Google Checkout API: Implementing a shopping cart/secure checkout process was once a big pain. I was around in the internet bubble and implemented several of these, and it was always way too hard. Had low-cost technology like this been around in 1997 or 1998, many many more good site ideas would have survived the crash. Anyway, as expected, this is a generic shopping cart application where the risky and tricky part actually belongs to Google. Sure, there are look and feel issues, but again, strong branding helps people feel better about blurring the lines between sites.

All these are consistent with the pattern: infrastructure software services are mature enough to use in commercial applications, both as micro ISVs and Big Company ISVs (like us).

(Thanks to Phil for being an excellent sounding board in Cambridge while assimilating this stuff!)

TRETC (this tag is for the blog stuff-- They said to include this tag if you are blogging about the conference; interesting experiment while I blog this at http://srehorn.blogspot.com/ to see what happens. Now I can go search for other people’s impressions of this same content. What did they get out of the same talk?)

Thursday, October 05, 2006

MSFT Wants Me To Use Team Foundation Server

But what if I don't want to use it? I am sure TFS is a lovely piece of infrastructure, but I have had a heckuva time installing it. After numerous attempts on a spankin' new disk, I still cannot get it to run. I don't claim to be a MSFT Products guru, so maybe I am just being a dork, but anything that is that hard to install is a little off putting, at best. Am I off base? Maybe someone can set me straight on what I am doing wrong. Someday I'll get it installed and then I can try it out. (For the record, I am hung up on the piece which requires the SharePoint persistence to be set up a certain way, but I cannot seem to make the SharePoint installer do the right thing so I need to pursue that next.)

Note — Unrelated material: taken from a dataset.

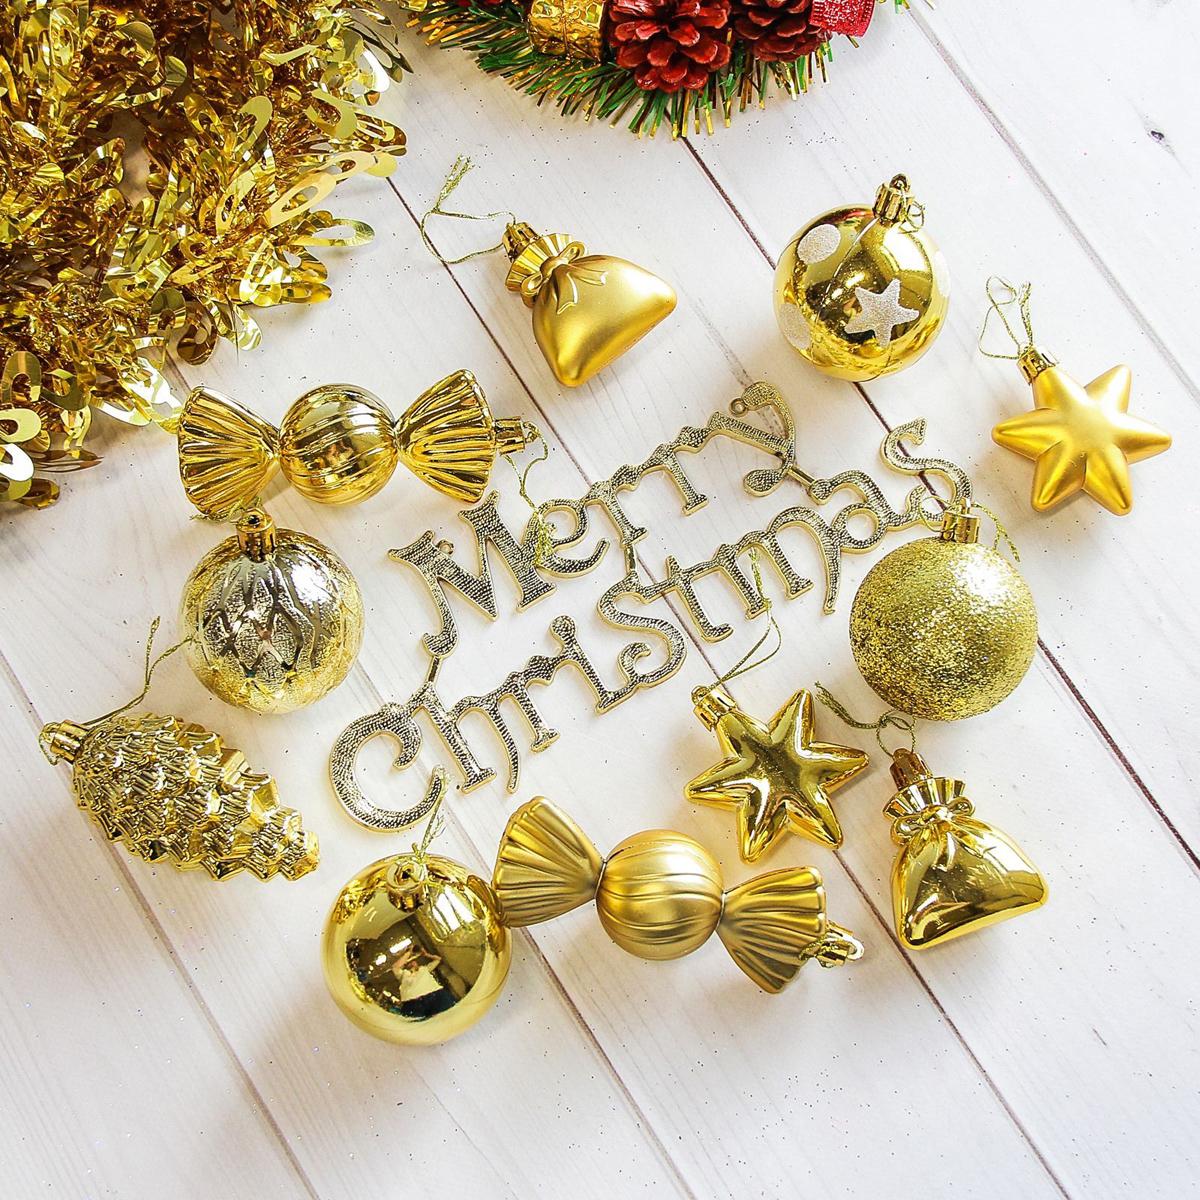 Набор новогодних подвесных украшений Sima-land Модэсто, цвет: золотистый, 35 шт2178269Набор новогодних подвесных украшений Sima-land отлично подойдет для декорации вашего дома и новогодней ели. С помощью специальной петельки украшение можно повесить в любом понравившемся вам месте. Но, конечно, удачнее всего оно будет смотреться на праздничной елке. Елочная игрушка - символ Нового года. Она несет в себе волшебство и красоту праздника. Создайте в своем доме атмосферу веселья и радости, украшая новогоднюю елку нарядными игрушками, которые будут из года в год накапливать теплоту воспоминаний.

My philosophical bent right now is to use continuous, automated integration, test-driven development (TDD), and a strong IDE. Visual Studio (VS) is a strong IDE you bet; maybe the best ever. My shop however, uses TDD, StarTeam for source control (not SourceSafe), and centralized, continuous build with CruiseControl.net. These things just don't seamlessly integrate with VS. Even with TFS, the unit-test support for TDD is pretty weak. I know MSFT is working on that and we can expect them to get it really right in another two releases. Because there is a StarTeam plugin for VSS which works pretty well, and a nice NUnit wrapper called TestRunner from Mailframe.net that lives in the IDE, we are partly there. But to get the continuously integrated warm fuzzy I seek? So I tell my boss that we can no longer use TDD, StarTeam and we can no longer have continuous integration unless we switch to Team Foundation Server? I don't think so. I have the goal of creating a nice, TDD-friendly, continuous integration framework that isn't annoying for developers to use. This is tricky, and I'll post some various aspects of this over time to show how it can be done.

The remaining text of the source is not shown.